Architectural Photos, Winnipeg, Manitoba
219 Provencher Boulevard – St. Boniface City Hall, a three-story red brick structure built in 1905-06 when the predominantly French community of St. Boniface was an independent municipality, is an excellent example of a large civic structure designed to house expanding local government services at a time of rapid population and economic growth. The imposing, classically detailed, Georgian Revival-style building is centrally located on St. Boniface’s main business street. Key elements that define the building’s imposing exterior character and Georgian Revival style include the three-story rectangular block shape, symmetrically massed, with modest corner and central entrance pavilions, all of solid brick construction on a high limestone base, with a flat roof and parapet. The large square wood tower over the entrance pavilion, is organized into four classically ornamented stages beneath a domed metal-clad roof and tall flagpole, and features on all sides elliptical windows at the base and large circular analog clocks in columned and pedimented surrounds at the top. The large, mostly tall rectangular windows and transoms on the front (south), east and west facades are set in vertically aligned rows and flat-headed on all but the third floor where openings are round-arched with prominent keystones. The pedimented entrance pavilion has a two-story arched window, a stone architrave containing a double door flanked by paired Tuscan columns, a wide stone staircase with elaborate metal and glass lanterns crowning the pedestals, and side stairs that lead underneath to a basement entrance. There is a contrast of colors and textures, including red brick laid in a stretcher pattern with white mortar, rusticated and ashlar limestone and beige and brown paint. The cornices on the building and tower are prominent and modilioned; there are brick voussoirs, string courses and channeled brickwork; the tower has wood moldings, fluted columns and louvered openings beneath delicate scallop shells. There is a heavy stone lintel over the main entrance with the words ‘HOTEL-DE-VILLE’ and the date ‘A.D. 1906’ in the staircase pedestals.

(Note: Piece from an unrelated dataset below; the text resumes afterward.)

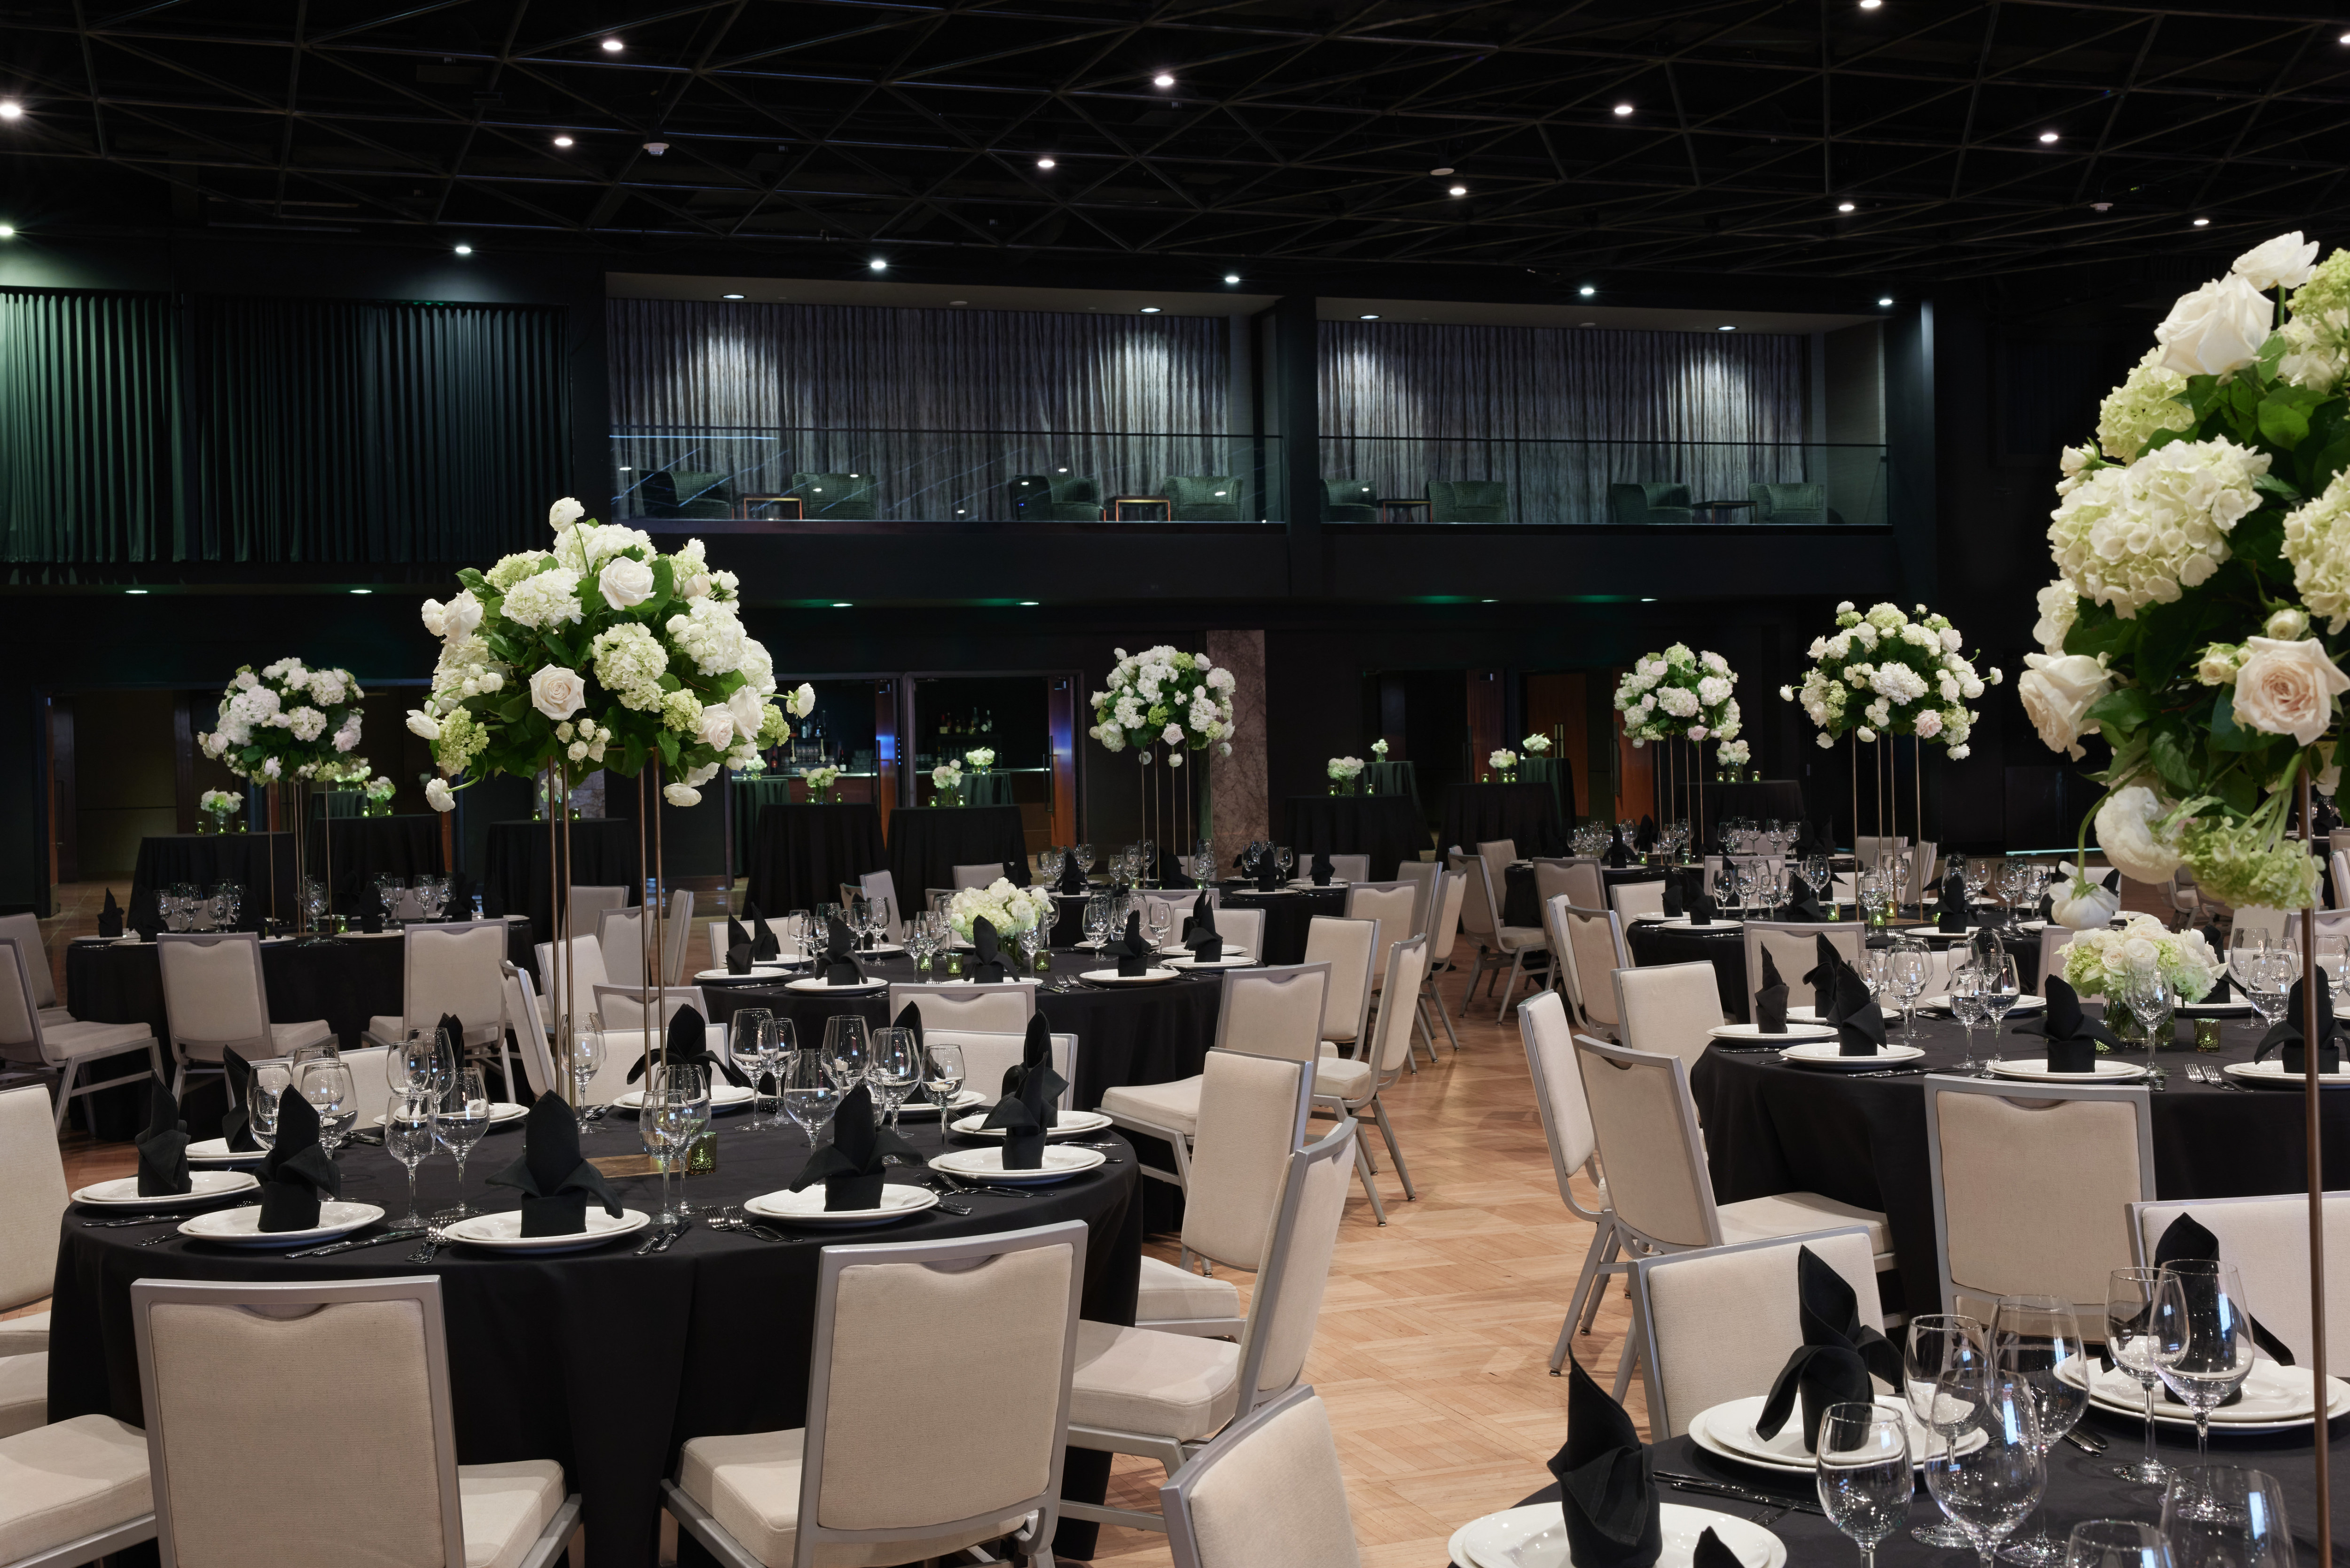 Ballroom Setup with Round Tables for a Special Event

Architectural Photos, Winnipeg, Manitoba
494 Taché Avenue – St. Boniface Museum – former convent of the Grey Nuns – oak log structure – Winnipeg’s oldest building – built for the nuns from 1846 to 1851 – Grey Nuns’ Convent National Historic Site of Canada is a gracious two-story hipped roof structure showing influences of Hudson’s Bay Company construction techniques in its squared log construction and European classicism in its symmetrical nine-bay facade composition with evenly spaced paired and shuttered casement windows. It has a central side-lit entry door, hip roof with dormers, belfry, and end chimneys. It faces the Red River and downtown Winnipeg and is an important element in the historic Roman Catholic ecclesiastical complex of St. Boniface. The building now serves as the St. Boniface Museum.
Architectural Photos, Winnipeg, Manitoba
450 Portage Avenue – Hudson’s Bay Company – It is a challenge to try to find a new use for the nearly empty six-story building at the corner of Portage Avenue and Memorial Boulevard. The key to redeveloping the building is in finding new tenants to fill the top four floors the Bay is no longer using.